Investissement

= D. : Besetzung. – En. : cathexis. – Es. : carga. – I. : carica ou investimento. – P. : carga ou investimento.

● Concept économique : fait qu’une certaine énergie psychique se trouve attachée à une représentation ou un groupe de représentations, une partie du corps, un objet, etc.

◼ Il est admis de traduire Besetzung par investissement (on trouve parfois : occupation). On fera une remarque à ce propos : le verbe allemand beselzen a de nombreux sens parmi lesquels occuper (par exemple occuper un lieu ou, militairement, une ville, un pays) ; en français, investissement évoque plus spécialement d’une part, en langage militaire, le fait de cerner une place (et non de l’occuper), d’autre part, dans le langage financier, le placement de capital dans une entreprise (sans doute est-ce ce dernier sens qui prévaut aujourd’hui pour la conscience linguistique commune). Les termes allemand et français ne se recouvrent donc pas exactement et le terme français paraît pousser plus spontanément à comparer l' « économie » envisagée par Freud à celle dont traite la science économique.

Le terme de Besetzung est d’un usage constant dans l’œuvre freudienne ; son extension, sa portée ont pu varier mais il est présent à toutes les étapes de la pensée de Freud.

Il apparaît en 1895, dans les Études sur l’hystérie (Studien über Hysterie) et dans le Projet de psychologie scientifique (Entwurf einer Psychologie) ; mais des termes voisins comme « somme d’excitation » « valeur affective » sont même antérieurs (1893,1894) : dès sa préface à l’ouvrage de Bernheim, De la suggestion et de ses applications à la thérapeutique (Die Suggestion und ihre heitwirkung, 1888-9), Freud parle de déplacements d’excitabilité dans le système nerveux (Verschiebungen von Erregbarkeit im Nerven-system). Cette hypothèse a une origine à la fois clinique et théorique.

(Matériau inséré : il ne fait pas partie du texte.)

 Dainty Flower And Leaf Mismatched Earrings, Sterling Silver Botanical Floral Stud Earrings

Cliniquement, le traitement des névrosés et en particulier des hystériques impose à Freud l’idée d’une distinction fondamentale entre les « représentations » et le « quantum d’affect* » dont elles sont investies. C’est ainsi qu’un événement important dans l’histoire du sujet peut être évoqué avec indifférence et le caractère déplaisant ou insupportable d’une expérience se voir rapporter à un événement anodin plutôt qu’à celui qui, à l’origine, a provoqué le déplaisir (déplacement, « fausse connexion »). La cure, telle qu’elle est décrite dans les Études sur l’hystérie, en rétablissant la connexion des différentes représentations en cause, rétablit la relation entre le souvenir de l’événement traumatique et l’affect, favorisant par là la décharge de celui-ci (abréaction). D’autre part, la disparition de symptômes somatiques dans l’hystérie est corrélative de la mise à jour des expériences affectives refoulées, laissant supposer qu’à l’inverse la création du symptôme s’est faite par conversion d’une énergie psychique en « énergie d’innervation ».

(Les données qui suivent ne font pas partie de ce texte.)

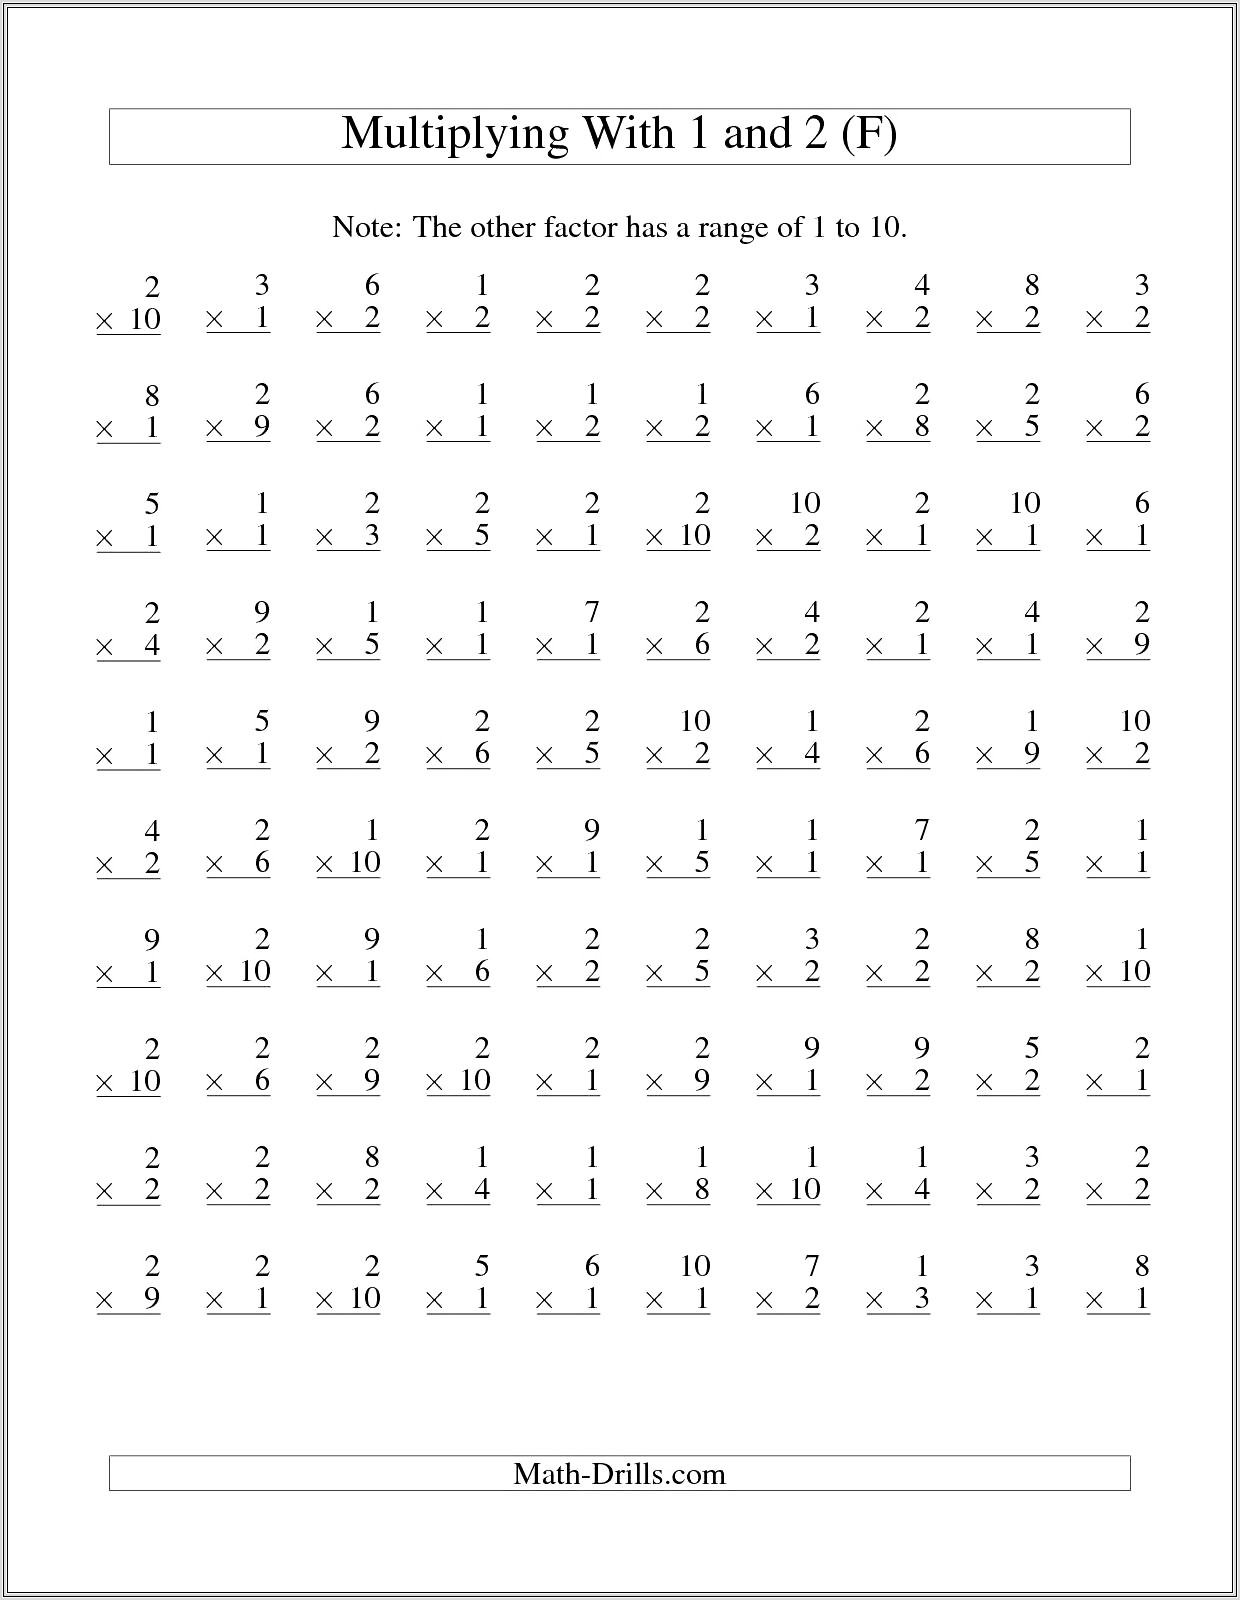 100 Times Table Problems

Ces faits, et notamment ceux de conversion*, paraissent reposer sur un véritable principe de conservation d’une énergie nerveuse, celle-ci étant capable de prendre différentes formes. Une telle conception trouve une formulation systématique dans le Projet de psychologie scientifique qui décrit le fonctionnement de l’appareil nerveux en ne faisant intervenir que des variations d’énergie au sein d’un système de neurones. Dans ce texte, le terme de Besetzung désigne tout aussi bien l’acte d’investir un neurone (ou un système), c’est-à-dire de le charger en énergie, que la quantité d’énergie investie, en particulier une énergie quiescente (1).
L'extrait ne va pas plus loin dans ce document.